I guess that made sense.  

Cailean led me up a set of stairs that I vaguely remembered from my last trip to the dungeons.  At the top, she stopped on one side of the door, listening.  I followed her lead, standing on the other side, listening for anything outside.  I couldn’t quite get the range she could, I knew, but I could hear enough.

“. . . one job.  The prince was just inside the door.  But no, now we have the princess and that fledgling in the dungeons instead.  And the prince and his consort are in the panic room.”  The voice  sounded vaguely familiar, but I couldn’t place it.  One of the servants maybe?

“It was too much of a risk that somebody would find us,” another voice, male and British, replied. 

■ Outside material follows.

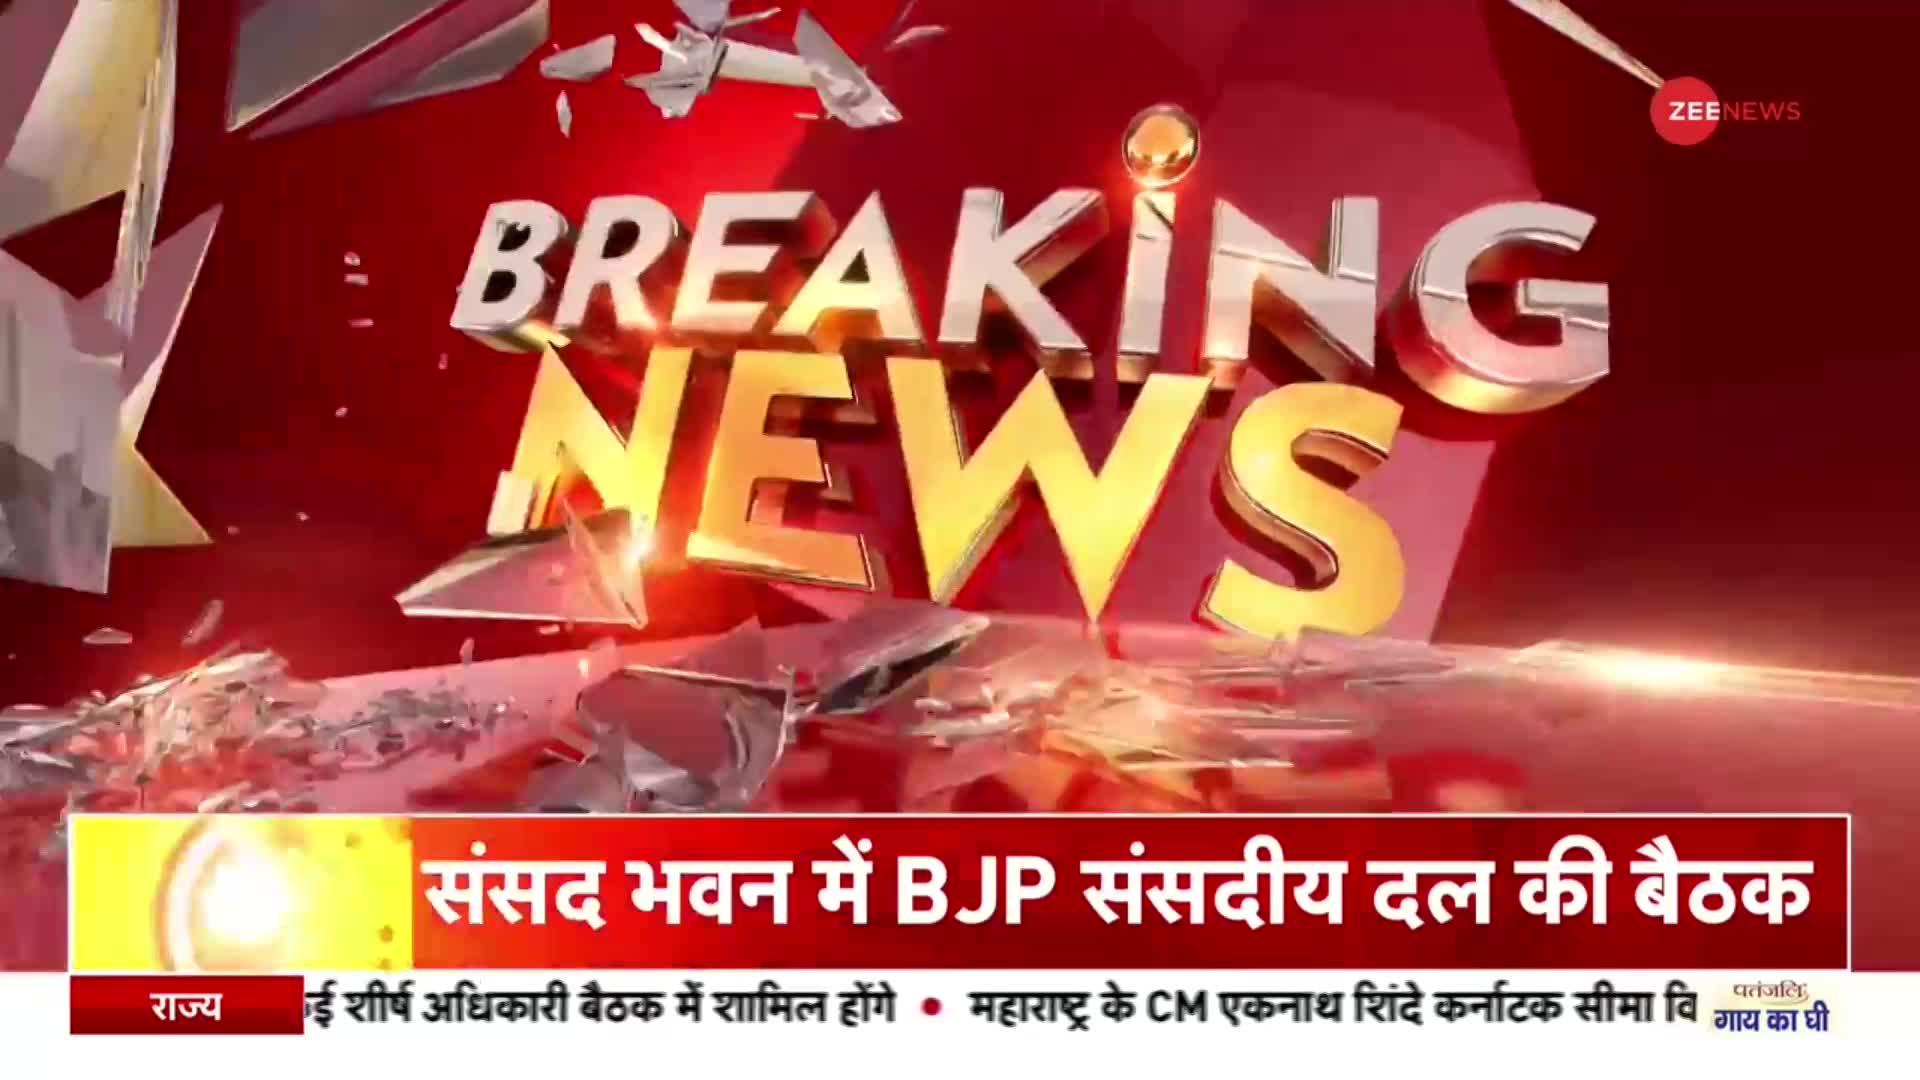 BJP संसदीय दल की बैठक में लगे 'PM मोदी स्वागत है' के नारे, अमित शाह भी रहे मौजूद | BJP | Gujarat

The woman made a noise of frustration.  “Go check in on them.  Be wary.  The fledgling is tricky.”

Oooh, I was the tricky one?

Then we heard footsteps walking away from us. 

“Bitch,” the Brit growled. 

“Don’t let her in your head, mate,” another male voice said, also British.

Cailean motioned me to her, and we squeezed in behind the door.  It was located at a corner such that when the door opened, it would hit the wall perfectly to hide us.

The door opened to hide us exactly as we expected.

“She’s just afraid of when Gwydion gets here,” the first Brit said, starting down the stairs.  “She’s a scary bitch.”

“I heard shadowmancers usually are.”

I felt Cailean stiffen against me.  I grabbed her wrist and darted around the door as it closed.  We made it through without any trouble, just seeing the backs of two brunette heads going down the stairs on our way out.

I didn’t know where we were.  I hadn’t really been all here when we first walked out of the dungeons.  It was yet another stone hallway with sconces mounted on the walls and long, worn rugs on the floors.  It was empty of anyone else, thankfully.

“Where’s the panic room?” I whispered.

“Close to our quarters, follow me.  I have no idea if we’ve been fully invaded, or just infiltrated, so we’re going to need to be sneaky.  I’ll lead the way because it’s likely I’ll recognize people that you won’t.”

“Sure.”  Stealth I could do.  It was one of the skills that had kept me alive over the years.